** Data to use follows **
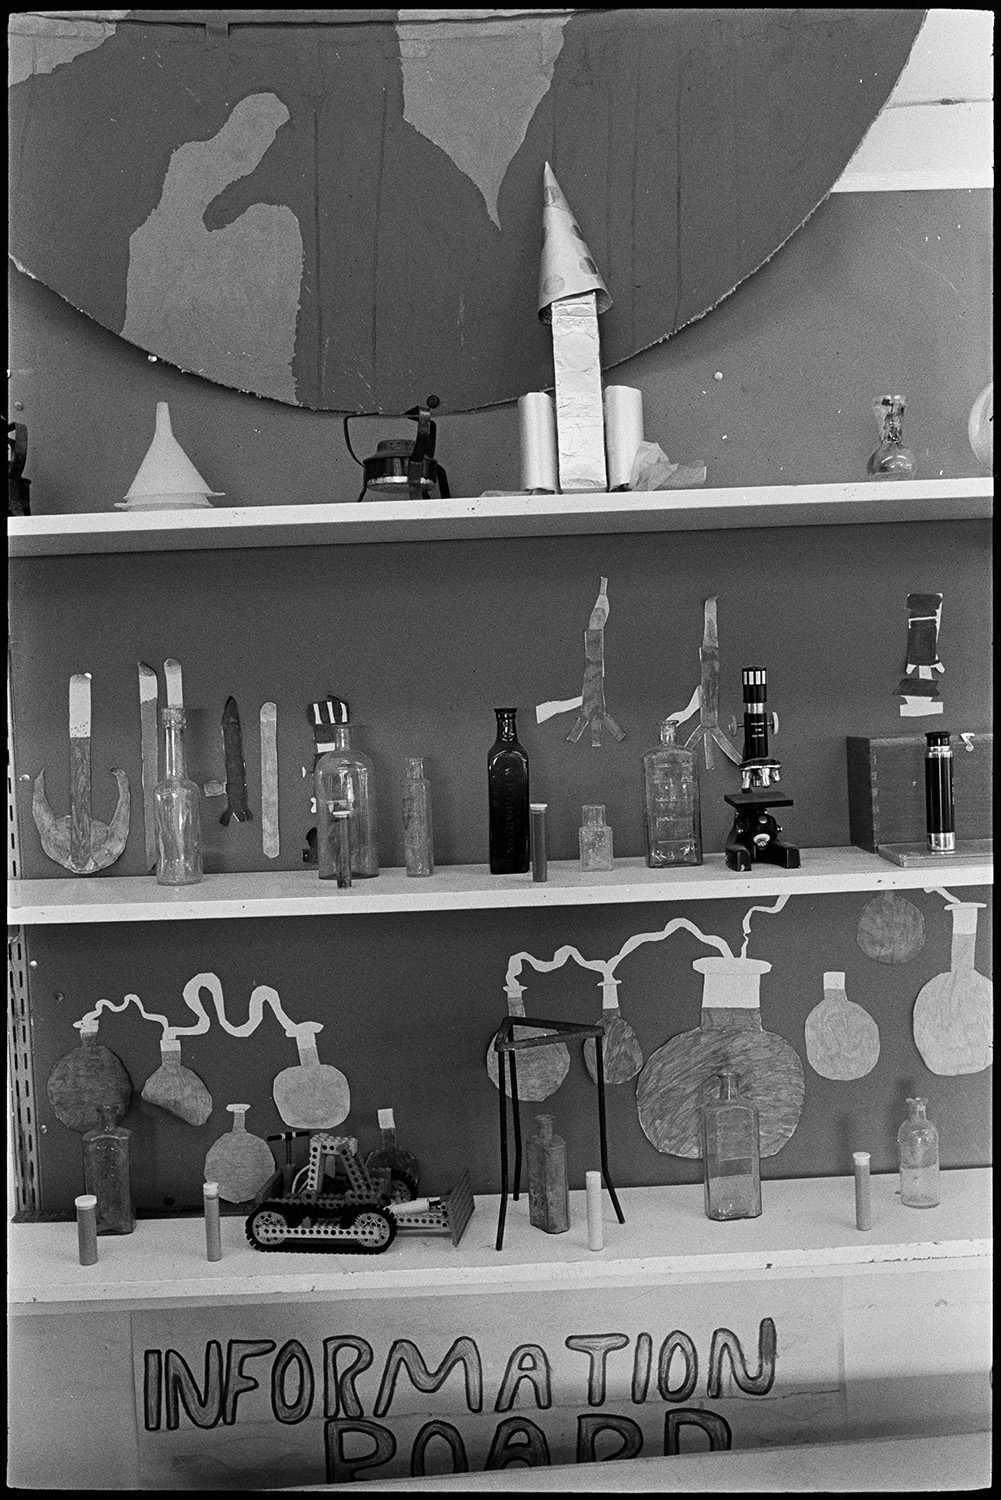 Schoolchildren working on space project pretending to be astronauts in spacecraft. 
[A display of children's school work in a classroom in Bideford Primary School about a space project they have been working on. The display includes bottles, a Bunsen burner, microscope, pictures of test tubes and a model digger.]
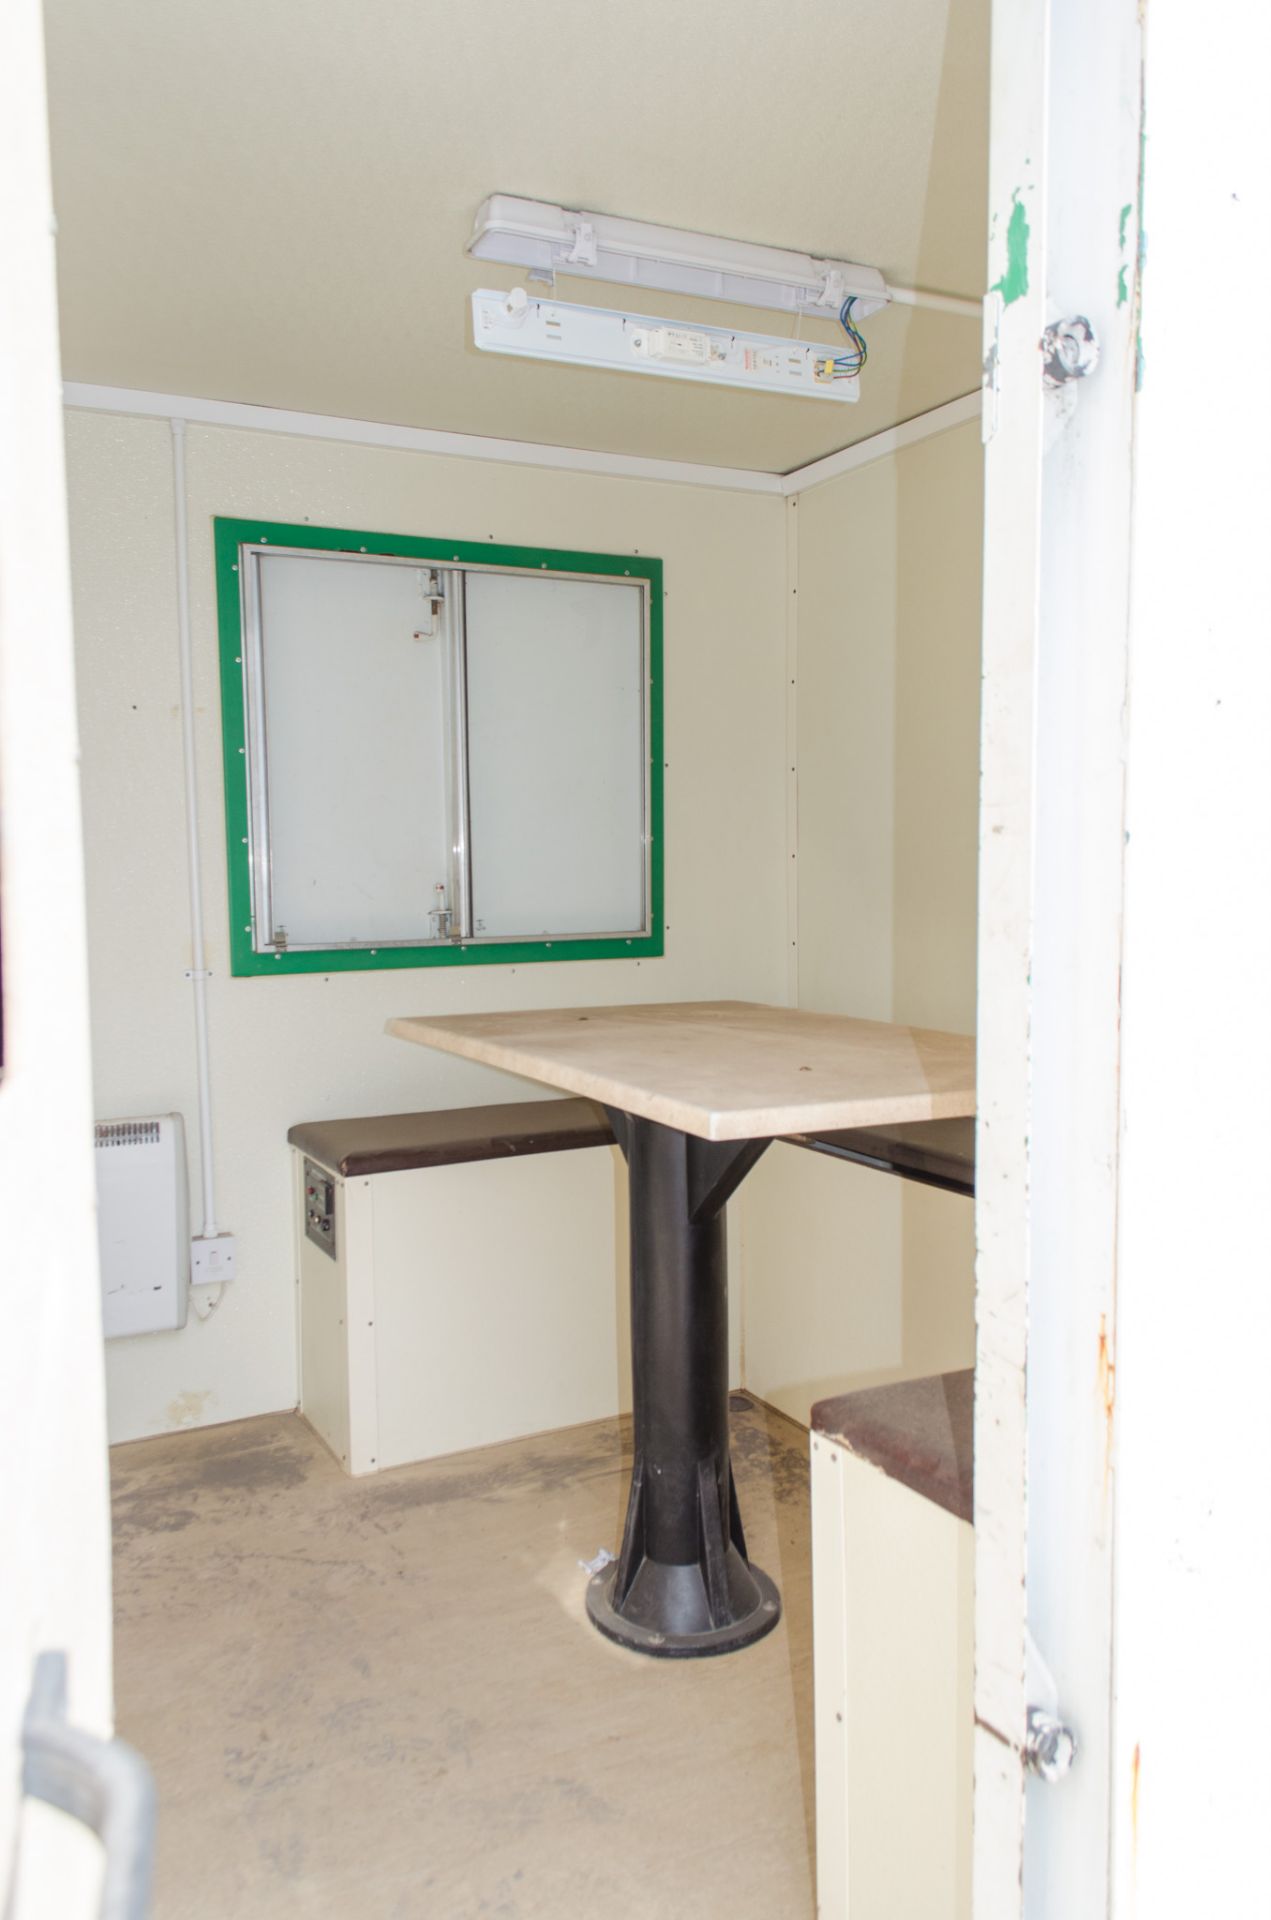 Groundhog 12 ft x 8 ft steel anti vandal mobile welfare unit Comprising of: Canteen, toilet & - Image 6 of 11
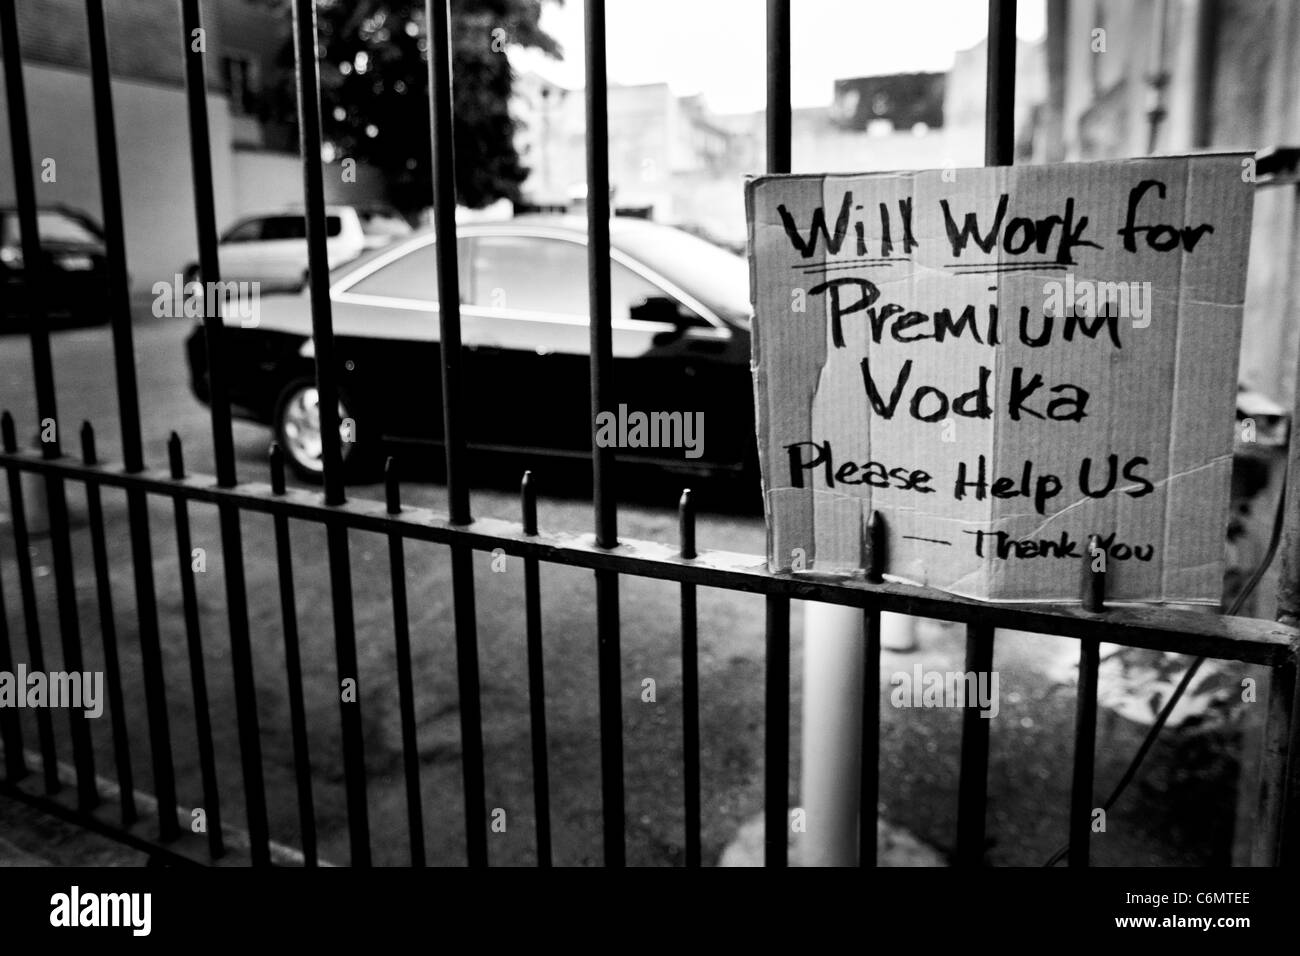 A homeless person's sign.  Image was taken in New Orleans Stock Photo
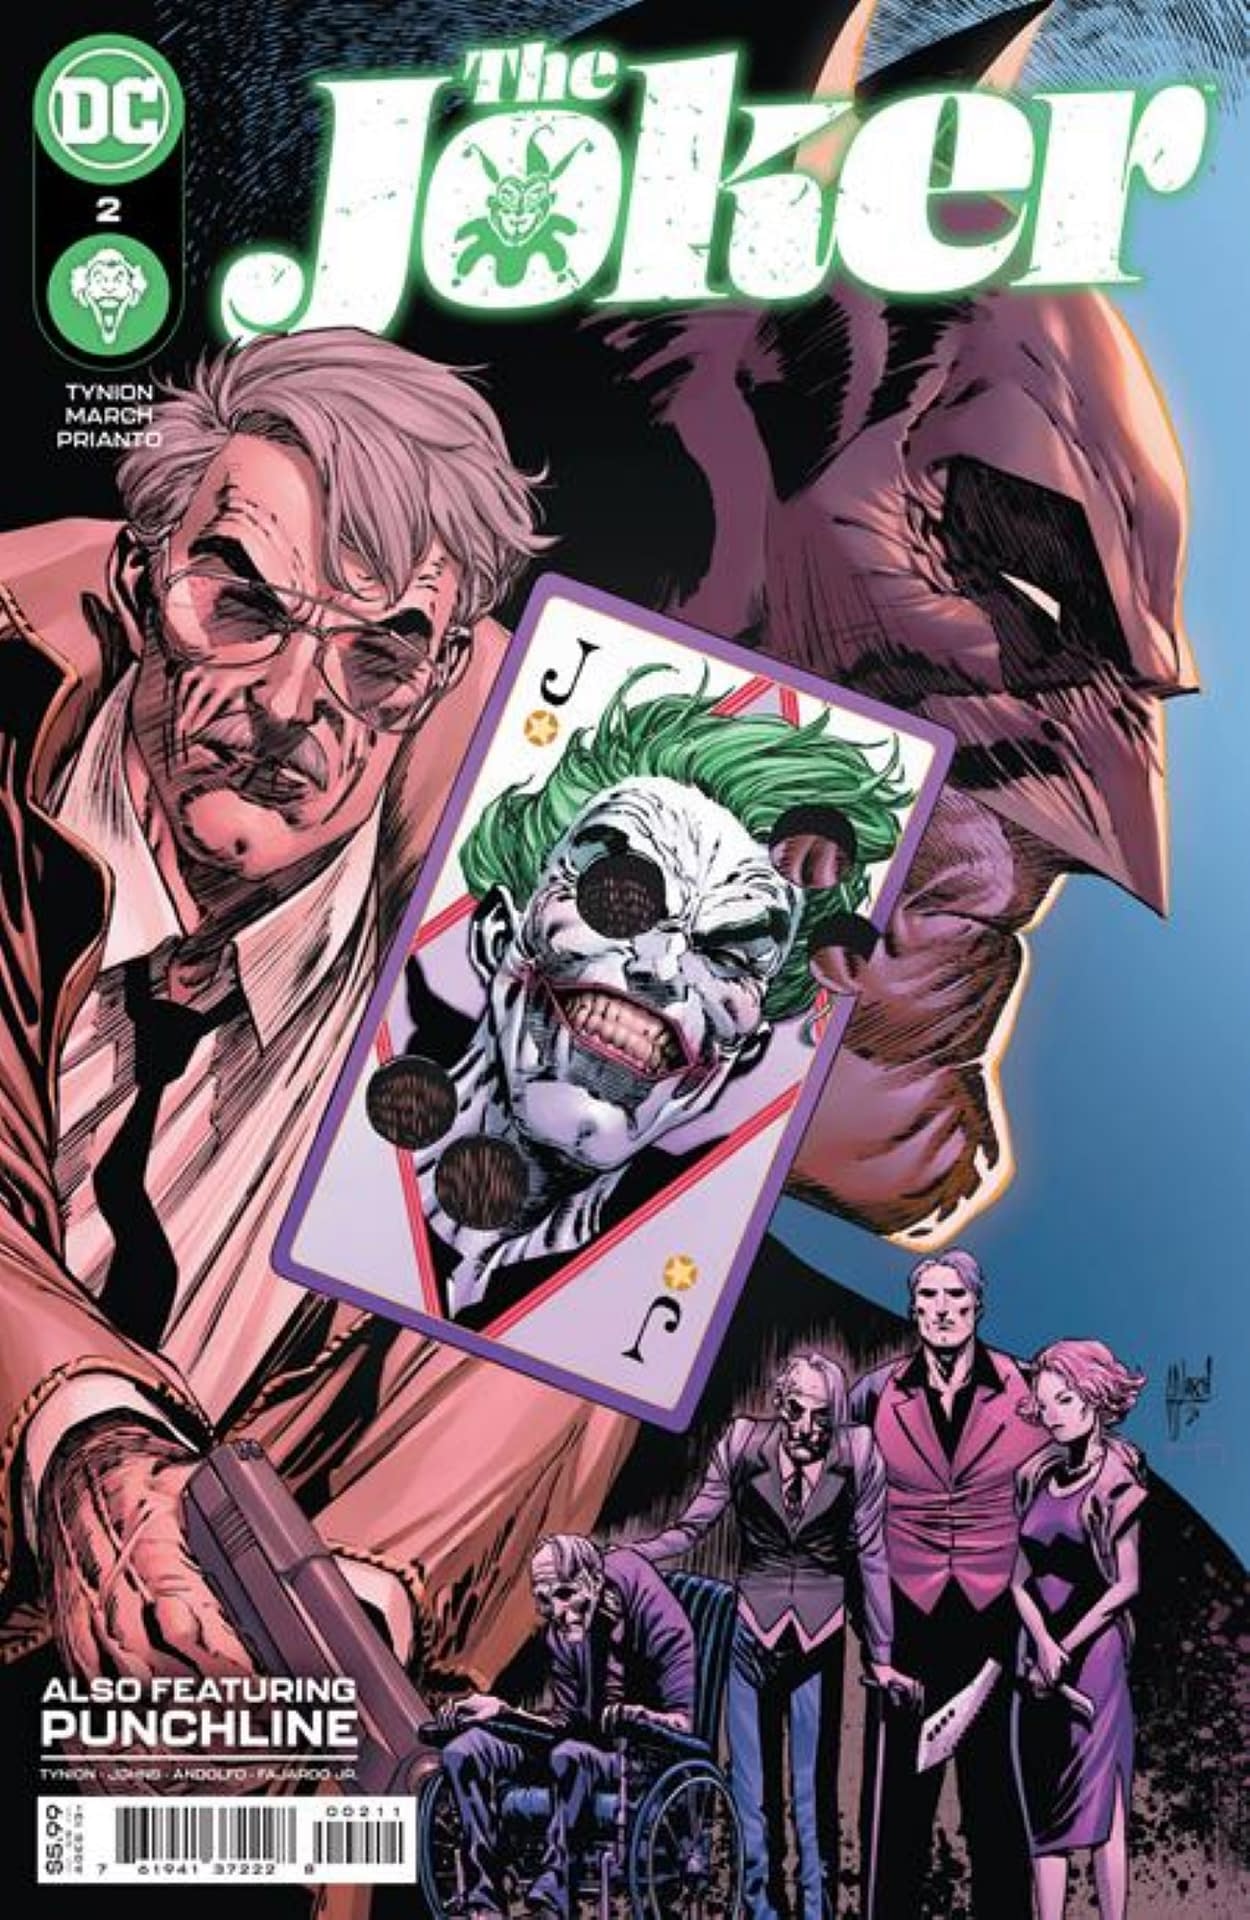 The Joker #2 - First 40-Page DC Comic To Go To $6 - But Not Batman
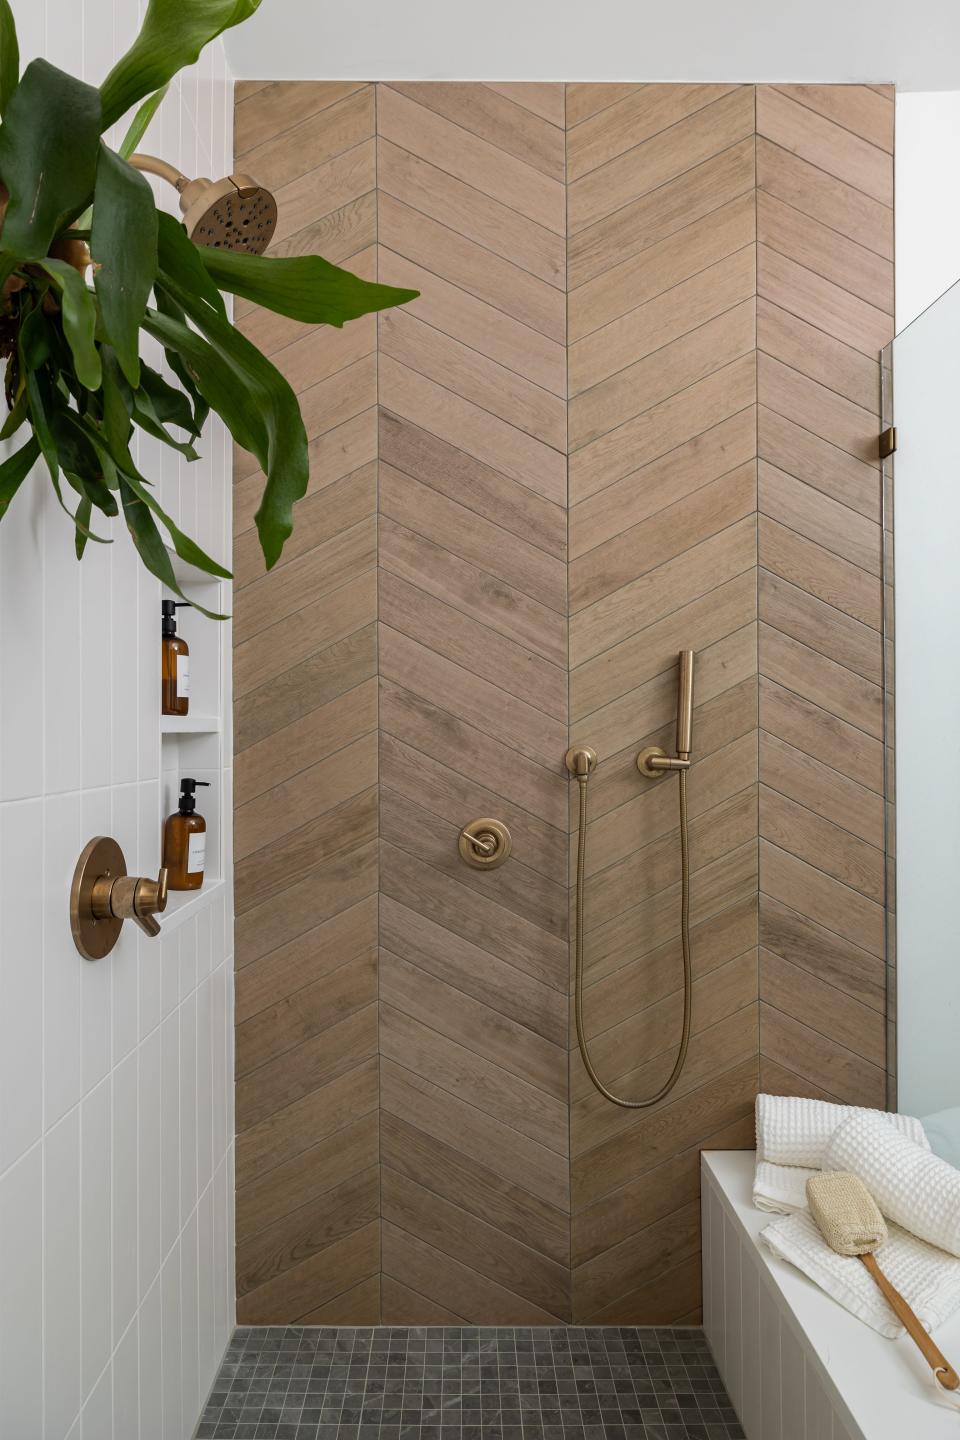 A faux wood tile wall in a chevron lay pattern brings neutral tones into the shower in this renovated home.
** End of Data to use **
The answer must be the lines of the entries above, written out exactly from the first through the one with "A homeless person's", and no pictures.

- **Answer below**
 Schoolchildren working on space project pretending to be astronauts in spacecraft. 
[A display of children's school work in a classroom in Bideford Primary School about a space project they have been working on. The display includes bottles, a Bunsen burner, microscope, pictures of test tubes and a model digger.]
 Groundhog 12 ft x 8 ft steel anti vandal mobile welfare unit Comprising of: Canteen, toilet & - Image 6 of 11
 A homeless person's sign.  Image was taken in New Orleans Stock Photo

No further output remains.